Turn time dropped from 44.25s to 34.42s (about 22% faster). If you play Civ, that's a real quality-of-life improvement that you feel constantly.
Metro Exodus Enhanced Edition
This behaved the way I expected a GPU torture test to behave at 3840x1600 with only a small uplift.
- Average: 65.86 to 71.22 FPS (+8.1%)
Red Dead Redemption 2
As with Metro, this game is mostly GPU-limited at this resolution.
- Average: 83.42 to 89.96 FPS (+7.8%)
Final Fantasy XIV
The benchmark score increased 12189 to 13108 (+7.5%). This isn't a massive swing, but MMO performance tends to get worse in the messy real world (busy cities, lots of players), where extra CPU headroom matters.
Cost Per Frame
I paid $338.14 AUD for the CPU and motherboard. Both parts were from AliExpress, and they were definitely used. Even then, it was still cheaper than what I was seeing on Facebook Marketplace and eBay.

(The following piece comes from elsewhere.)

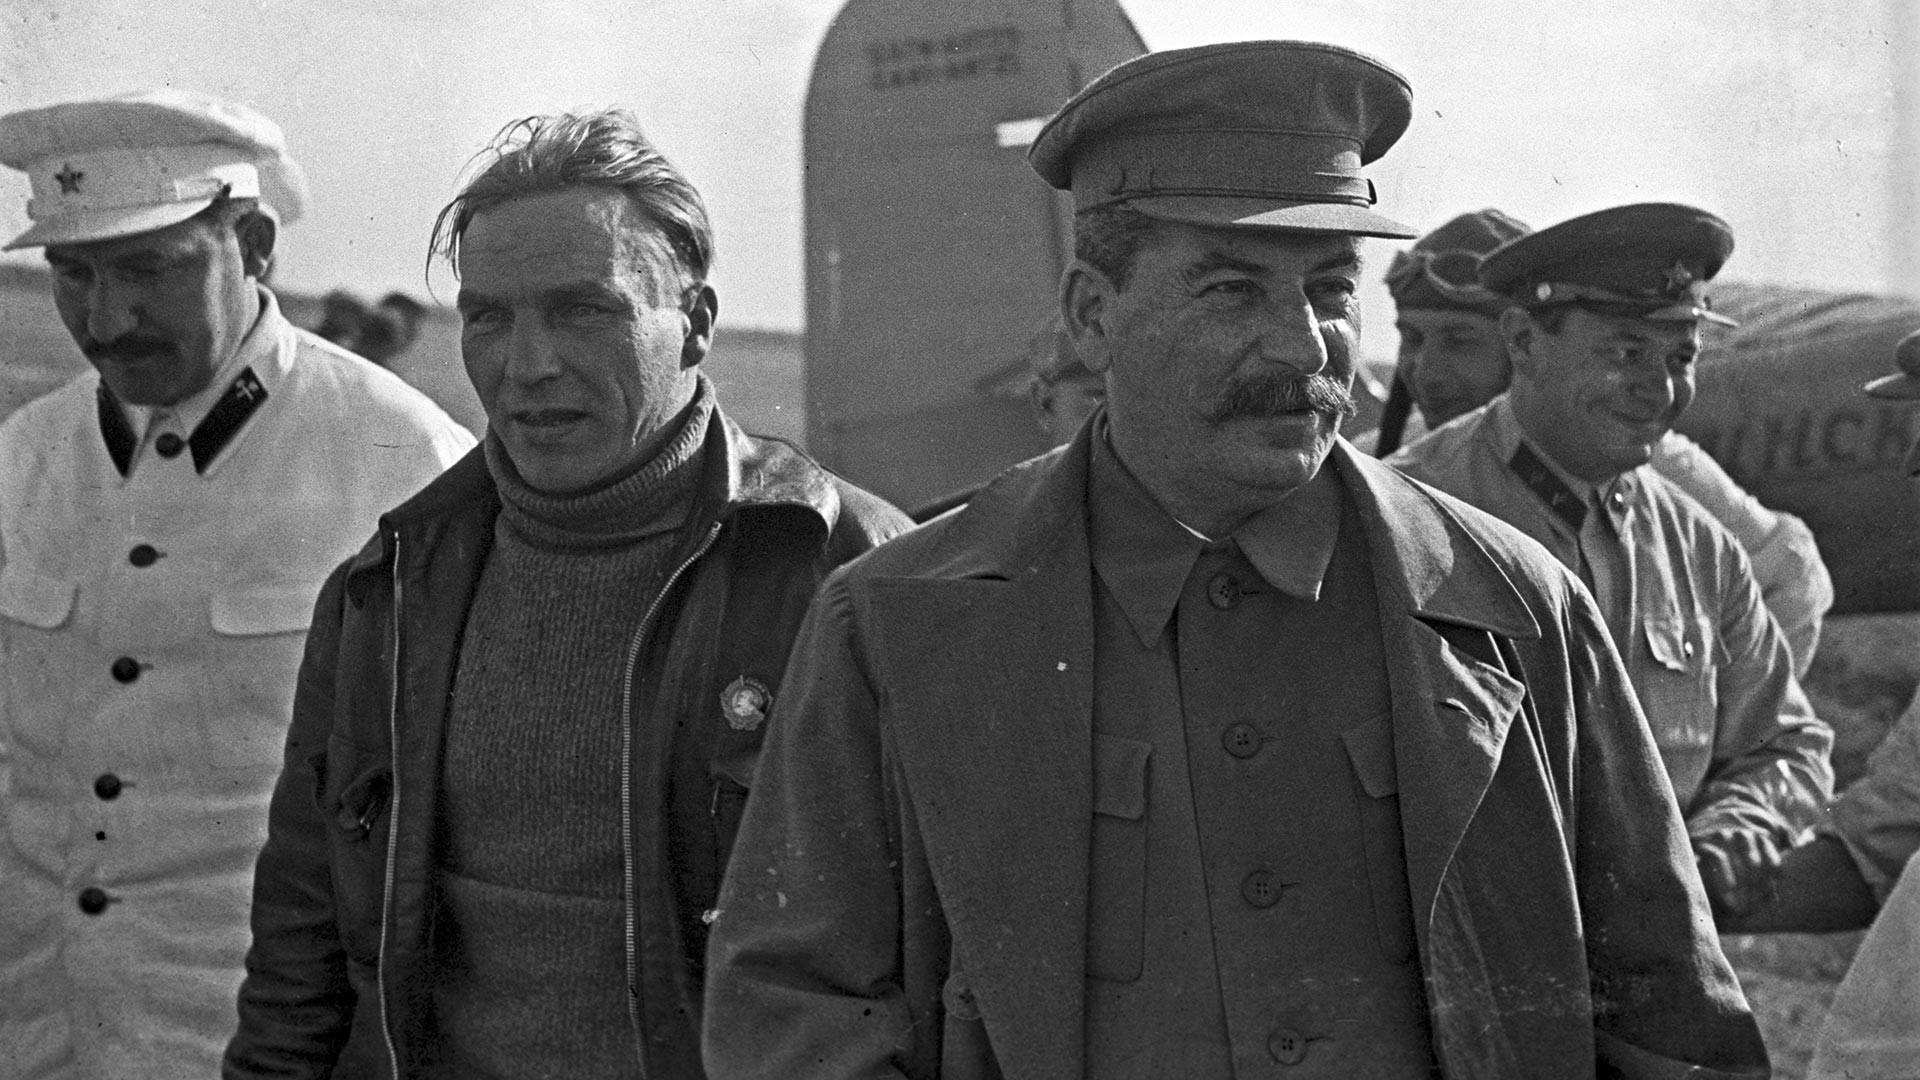 Generalni sekretar Centralnog komiteta Sveruske komunističke partije (boljševika) i član Politbiroa Josif Staljin sa članom Politbiroa CK VKP(b) Lazarom Kaganovičem prilikom dočeka sovjetskog probnog pilota Valerija Čkalova (u sredini) na Ščolkovskom aerodromu 10. kolovoza 1936.

A rough "cost per average frame gained" calculation (summing the average FPS deltas across the FPS-based benchmarks above) comes out to about ~$2.53 AUD per FPS. If you count the net cost after selling my 7700K and motherboard, the cost per frame comes out to $1.78 AUD.
This isn't meant to be a rigorous metric, but it's a nice sanity check that this upgrade was mostly about getting smoother performance without paying GPU money. For comparison, GPU upgrades often work out closer to $5 to $8 per average FPS gained.

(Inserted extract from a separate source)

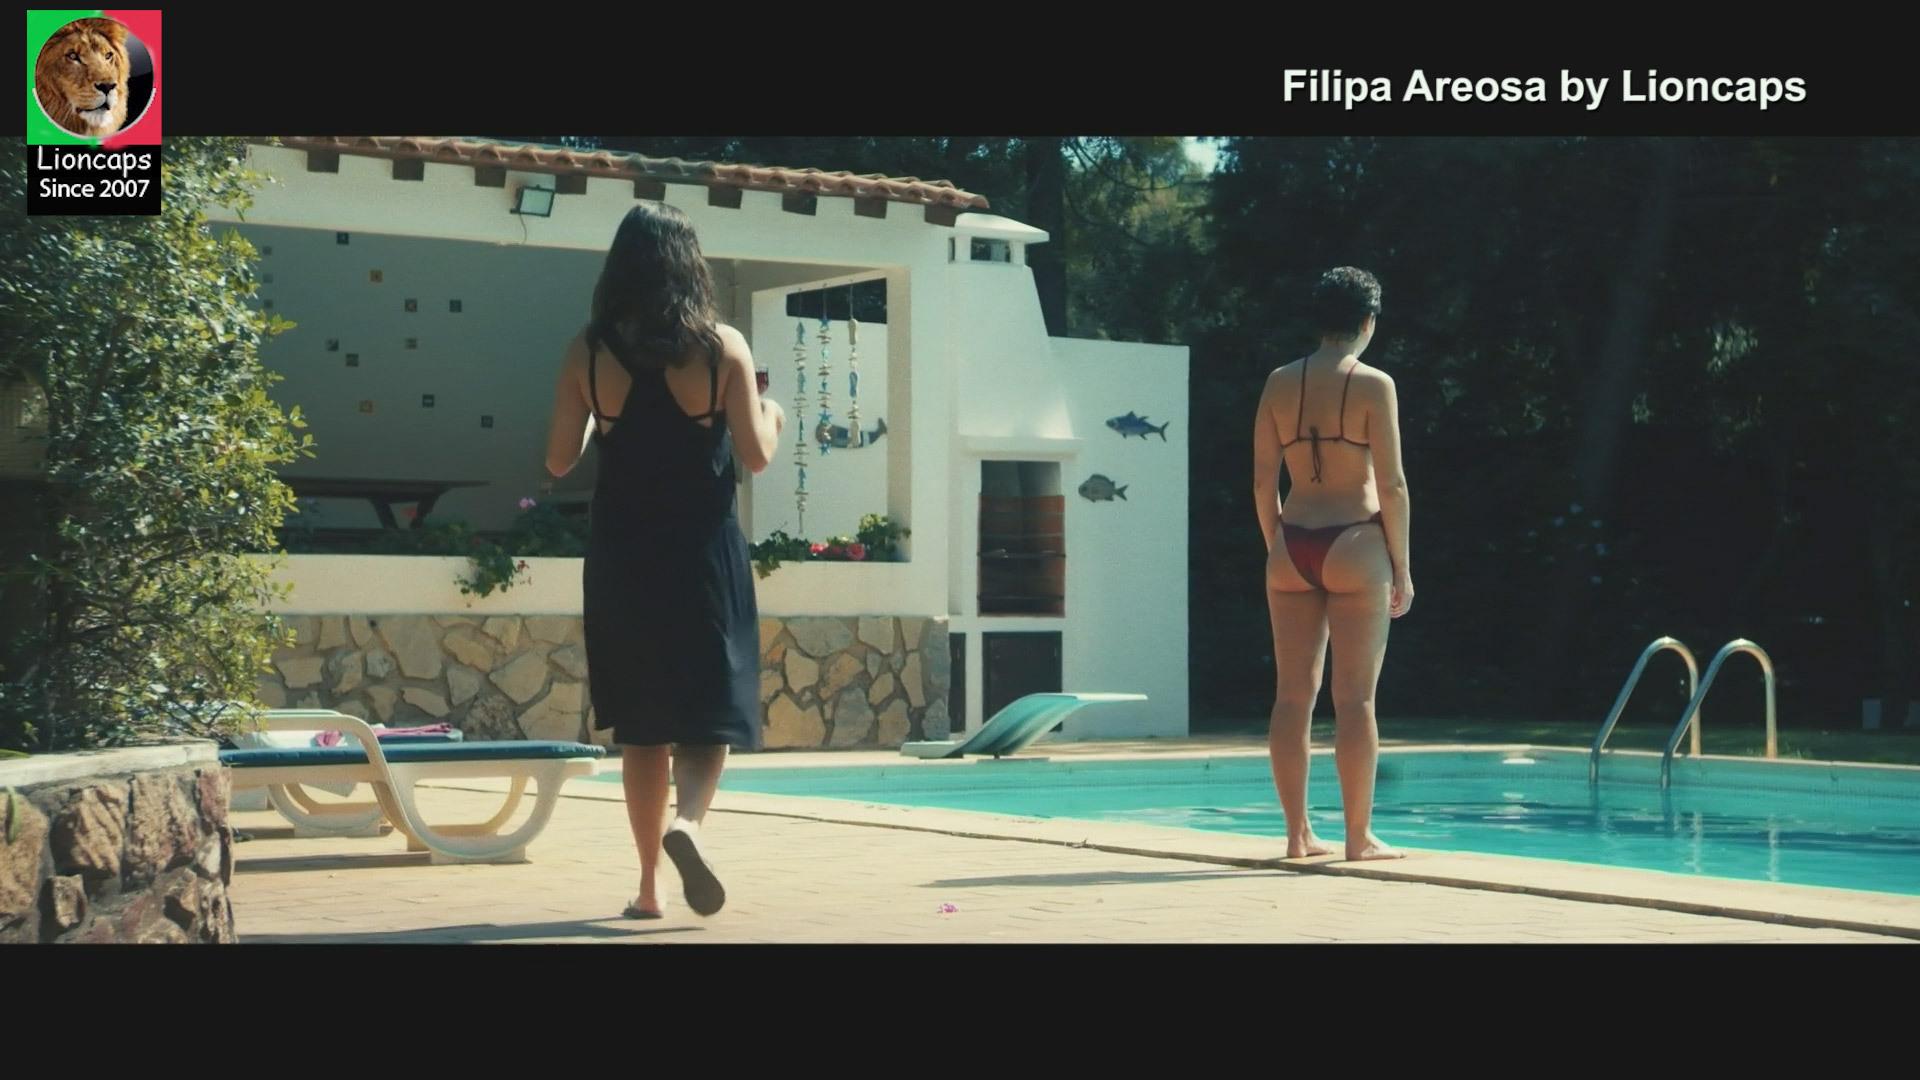 filipa_areosa (13).jpg

Summary and Lessons Learnt
I spent years assuming my high resolution made me entirely GPU-bound, but this upgrade proved that even at 3840x1600, the 7700K was a massive bottleneck.

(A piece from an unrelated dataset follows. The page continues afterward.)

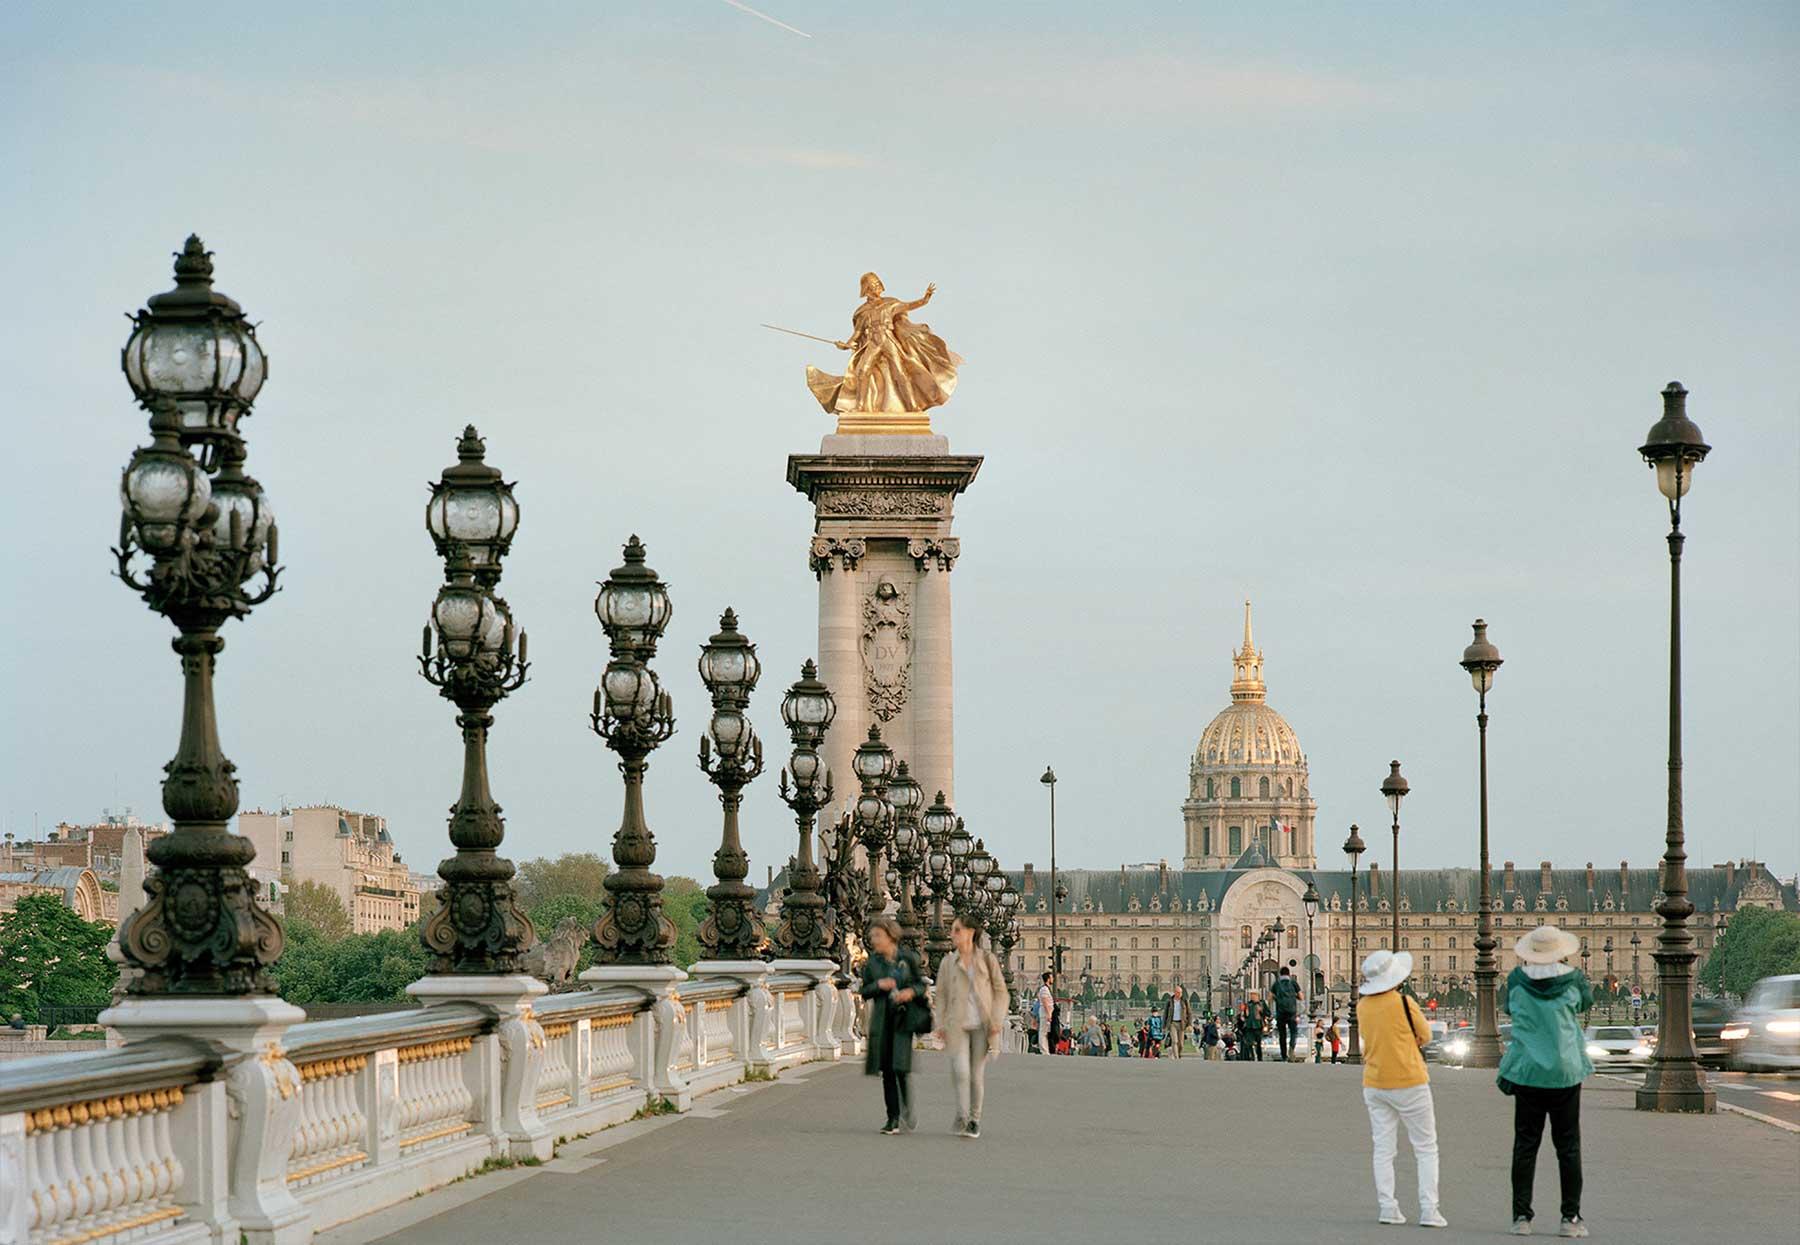 Popkulturen-Statuen Monuments_Benoit-Lapray_03

- Consistency is King: The 71% jump in minimum FPS in Returnal and 42% in Cyberpunk matter more than averages. It’s the difference between a stuttery experience and a fluid one.
- Unlocking the GPU: My "GPU Bound" metric in Tomb Raider jumped from 24% to 76%. I’m finally getting the full value out of my 3080 Ti.
- The DDR4 Side-grade: Sticking with AM4 allowed me to dodge outrageous RAM prices while still gaining 25% more performance on average.
By ignoring the DDR5 hype and focusing on minimum FPS, I’ve managed to turn a legacy 2017 build back into a high-end contender and finally stopped my CPU from holding the 3080 Ti hostage.